藤子・F・不二雄藤子・F・不二雄さん本名、藤本弘。1933年12月1日、富山県生まれ。51年、『天使の玉ちゃん』でデビュー。安孫子素雄氏と2人で、“藤子不二雄”名義の作品を発表。87年にコンビ解消後、“藤子・F・不二雄”として児童漫画の新時代を築く。代表作は『ドラえもん』『オバケのQ太郎(共著)』『パーマン』などヒット作多数。

マンガ優秀賞

マンガ優秀賞残酷な神が支配する萩尾望都さん

残酷な神が支配する

あらすじ

 米国の高校生ジェルミの平和な生活は、母サンドラの再婚によって破られた。資産家の義父グレッグは、実子イアンの前では堂々たる英国紳士だったが、邪悪なサディストというもう一つの顔を持っていた。義父の奸計(かんけい)に落ち、エスカレートする性的虐待に追いつめられたジェルミの胸に、やがて暗い計画が芽生える。

受賞コメント

 驚いています。また、嬉(うれ)しく思います。私は小学校の頃から手塚マンガのファンで、マンガ家になろうと決心したのは、手塚治虫の『新選組』を読んで感動したからでした。ですから“手塚治虫”という名前のついた賞をいただいて、亡き手塚先生から励ましていただいたような気持ちです。

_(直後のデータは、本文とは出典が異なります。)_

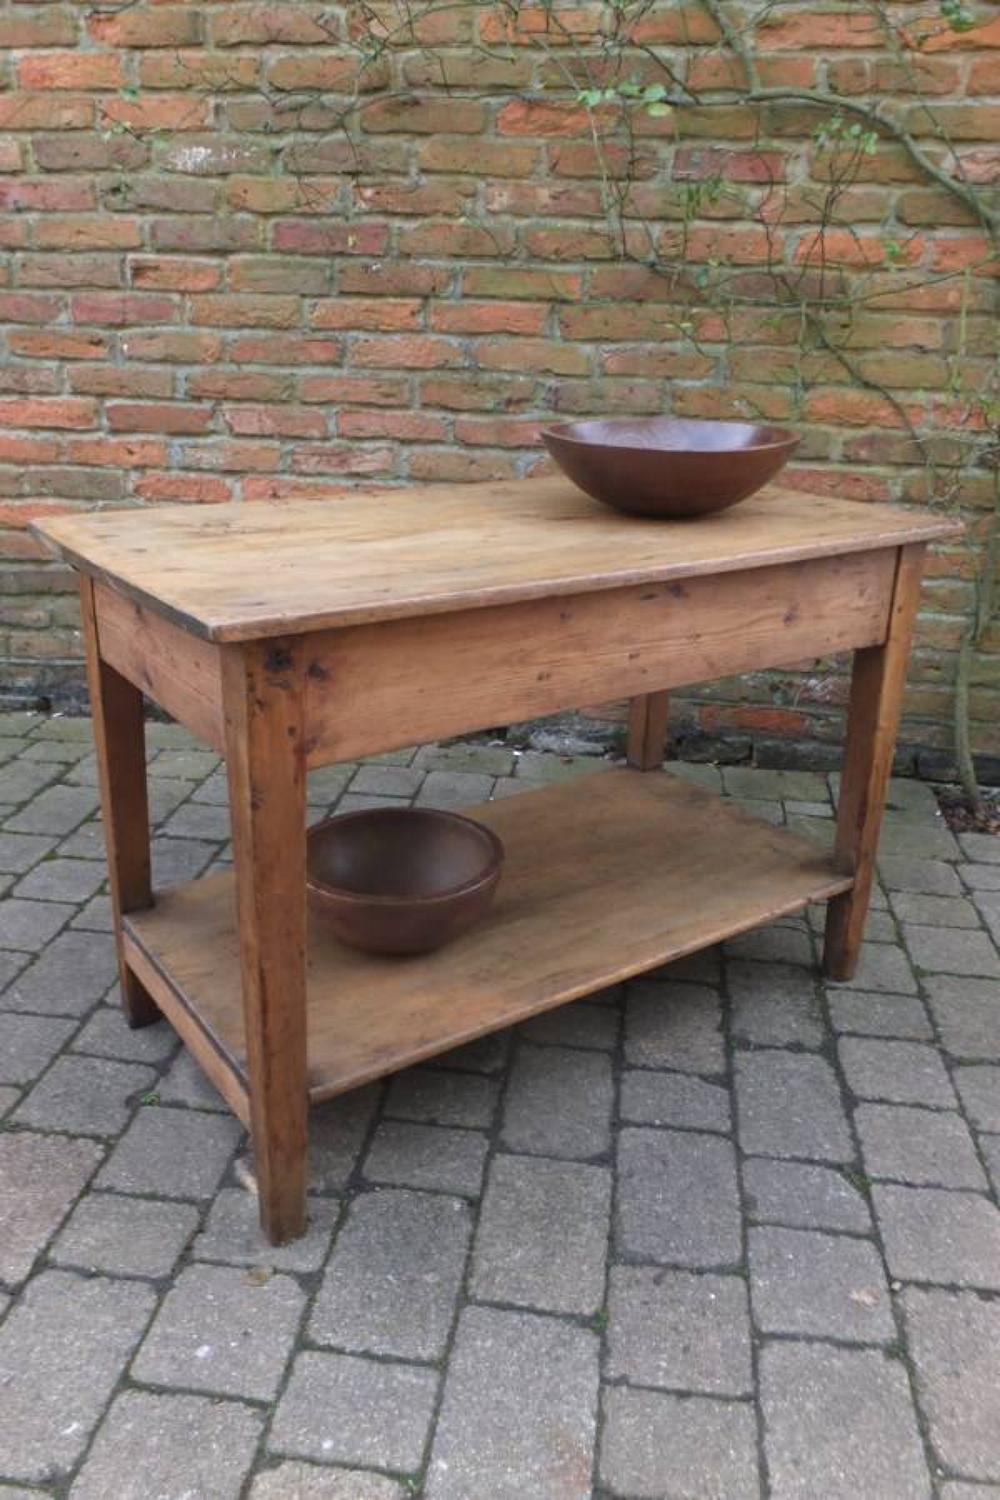 Early Victorian Pegged Pine Table with Pot Board Base

 マンガ優秀賞をいただいた『残酷な神が支配する』は、小学館の「プチフラワー」誌に連載中のもので、これから終章へ向けてのまとめに入ります。なんとかうまく完結させたいと思っています。

 長期の連載なのですが、この作品を発表する場をくださった、プチフラワー誌の山本順也編集長に、また、さまざまな形でこの作品に協力していただいたかたがたに、心からお礼をのべたいと思います。作品を読んでくださった読者のかたがたにも、どうも、ありがとうございました。完結までもうすこし、おつきあい下さい。

(1997年の贈賞式小冊子から)

作者に聞く

 受賞のお知らせをいただいた時、「エエーッ、どうしよう、連載途中なのに」って思いました。このマンガは最初、特急列車のつもりで始めたのですが、描いてみると登場人物が細かく動き、各駅停車の展開になってしまって。先の長さ、私にもよく読めないんです。

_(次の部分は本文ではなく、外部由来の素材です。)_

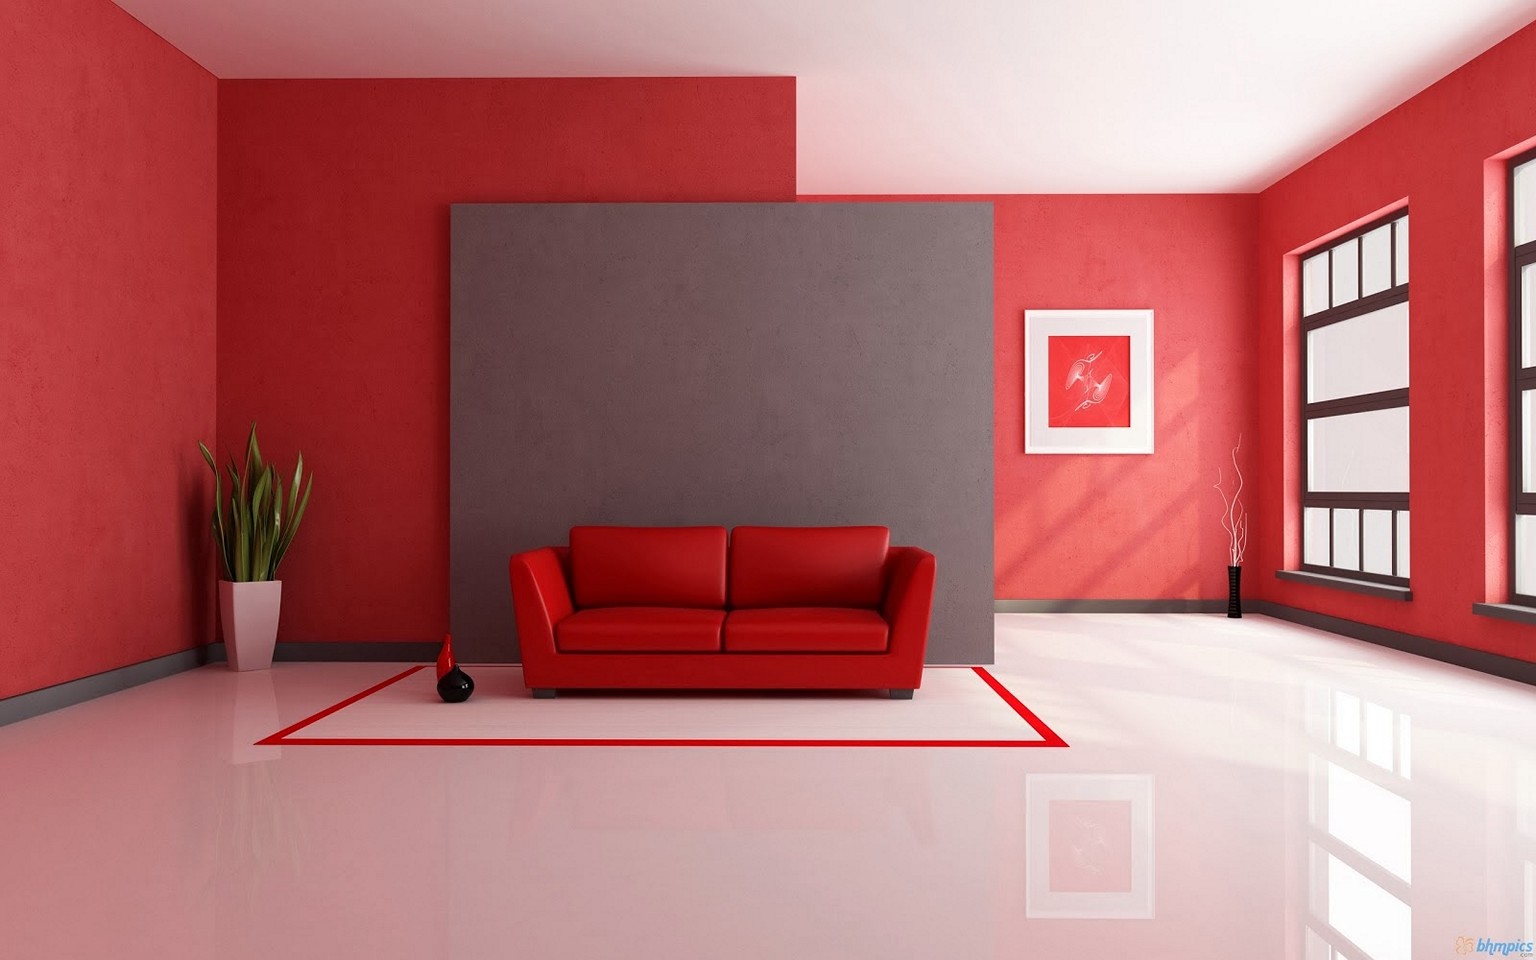 Red leather couch in a living room

 実は、私がプロのマンガ家になりたいと思ったのは、手塚先生の「新選組」を読んだことが直接のきっかけなんです。新選組隊士が、敵方のスパイと分かった親友を切らざるを得ない状況に追い込まれていくストーリー。主人公は解答のない葛藤(かっとう)の中で苦しむ。その緊張感と緊迫感に、ガーンとショックを受けた。本当に、一週間くらい「新選組」のことばかり考えていました。そして、自分もだれかを「ガーン」とさせるマンガをかいてみたい、と。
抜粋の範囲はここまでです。